Thing is, we Kenyans are tribalists through and through. Some do it covertly, others overtly. And having been judged by your tribe, you are then treated accordingly. Which means that if you are being served by a fellow Kikuyu, you will receive better service than if you were, say, Luo or Luhya. In the same vein, if you are being served by a Luhya or Luo and you are Kikuyu, they might serve their own people better. Of course, this is a generalisation, but which occurs with alarming alacrity.

So, over the December holidays, I went to Migori, then Kisumu. The elections were over and things were quite and back to normal. Of course, as I look like a Luhya (in their case, Luo – In Kisii I l looked like a Kisii and in Narok, they talked to me in Kimasaai), I was comfortable strolling around on my own. The only time I felt uncomfortable being when I had to withdraw cash from an M-Pesa/Equity agent and had to hand over my ID card.

Fact is, I feel safer in Kisumu or Kakamega than in Nairobi when we are experiencing our cyclical electoral violence. My dark complexion (I like to imagine that I fall under the category of ‘tall, dark and handsome’ but my lack of a regular girlfriend suggests otherwise) marks me out as Luhya/Luo and considering that I live in a neighbourhood that is predominantly Kikuyu, I might get killed easily, a case in point being the 2007 post-election chaos that rocked the country.

Plus, I tend to use my Christian name and speak Swahili with no accent thus I cannot be easily pinned down as coming from this or that region. Then again, I grew up in Nairobi where I had neighbours from all over the country, hence I picked up Kikuyu late in life and it is nowhere near the fluent and idiomatic kind employed by the nationalistic (read top Kikuyu leadership) leader as he or she cobbles up a coalition with other tribal demigods to reach the threshold required to lord over the country. Of course, when in Murang’a, I am taken to be a Kikuyu at face value by virtue of being there in the first place and because we have many dark-complexioned people there who might be mistaken to be Luo/Luhya elsewhere.

So now, my next-door neighbour to the right (right as when I enter the door) is my landlord’s son. When I first moved here, the landlord had assumed me to be Luhya and nonchalantly proceeded to show me the vacant houses on his lot. I then proceeded to produce my ID card for purposes of confirming the lease-agreement. And what a transformation it was when he got hold of my ID card! He switched to Kikuyu, suddenly became amenable and I even had the house repainted before occupying it.
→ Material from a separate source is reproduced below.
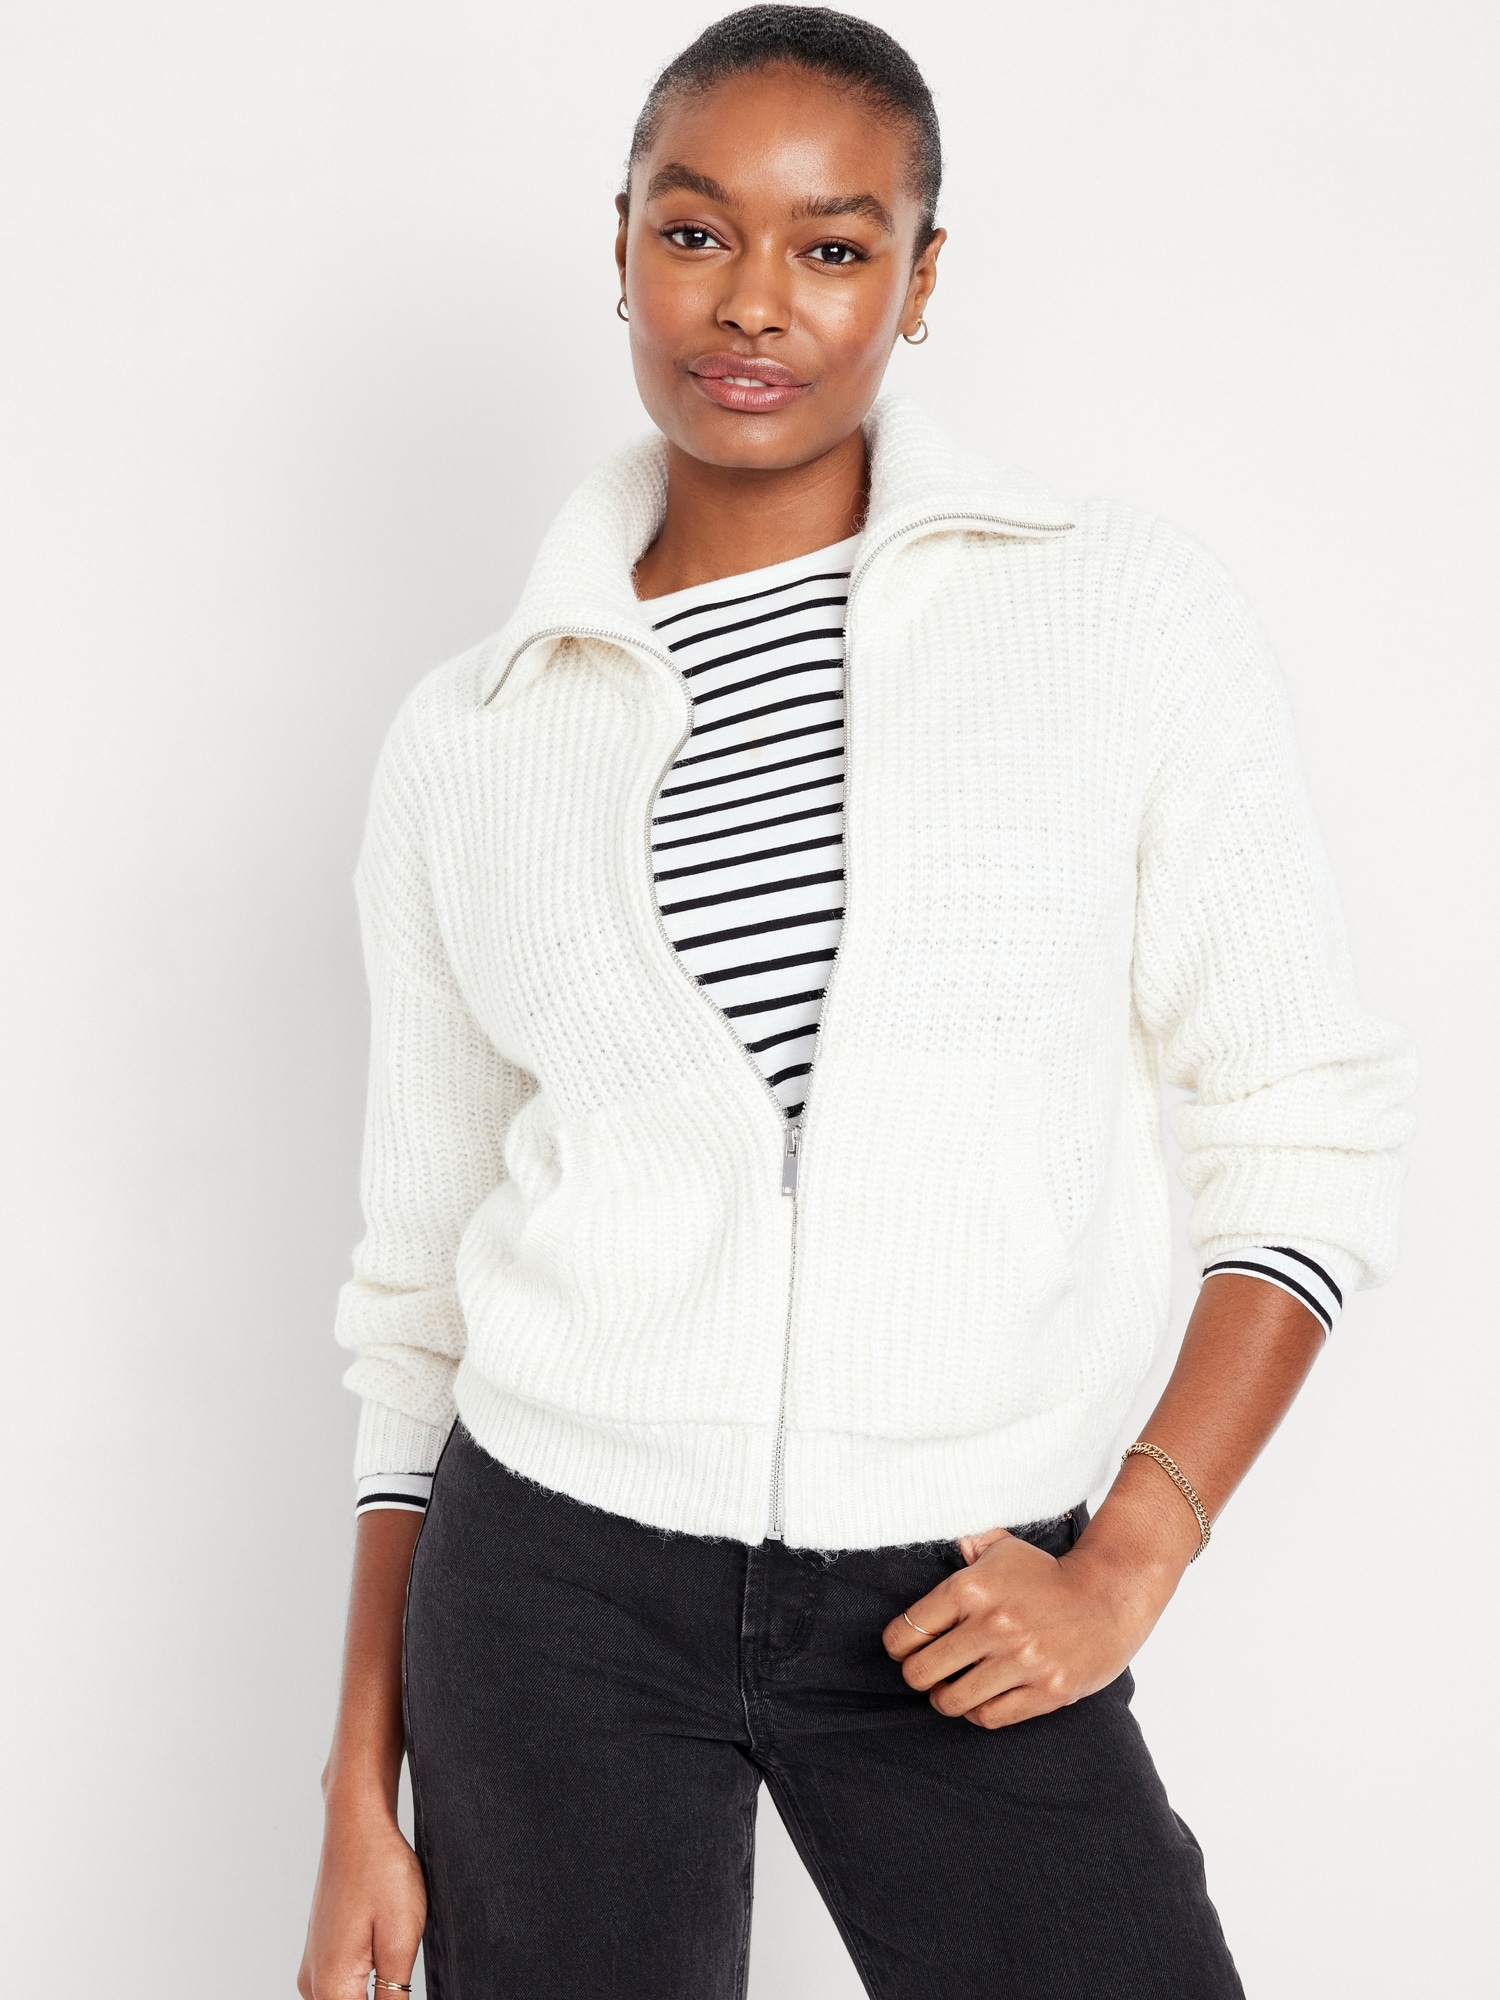 Cardigan Sweaters, Cardigans for Women

In part, he had been a councillor and I made a cock-and-bull story about being his agent at a polling station when he had been seeking re-election. Then again, I am named after his father, so, culturally, I am both his father and his son. He always makes a point to converse with me, and me with him, whenever we bump into each other. Some might refer to this as Kikuyu Privilege, but I am not sure it meets that criteria.

Anyhow, about the landlord’s son, my neighbour. There is this thing about how the various Kikuyu groups in Nairobi relate, subtly of course as we are always one when it comes to things elections. There is the original landowners, ene, those who have bought land, oki, and akombori, tenants, with Kikuyu tenants being given preferential treatment over the others. This applies to the Greater Dagoretti/Kiambu areas. Otherwise, in Eastlands, the distinction is two, land/structure owners – ene/wenyeji and tenants – wakukuja, and who are equated to outsiders. The ene look down on the others, which means that the oki have more humility in how they deal with people. Our landlord bought property here, so he is more friendly.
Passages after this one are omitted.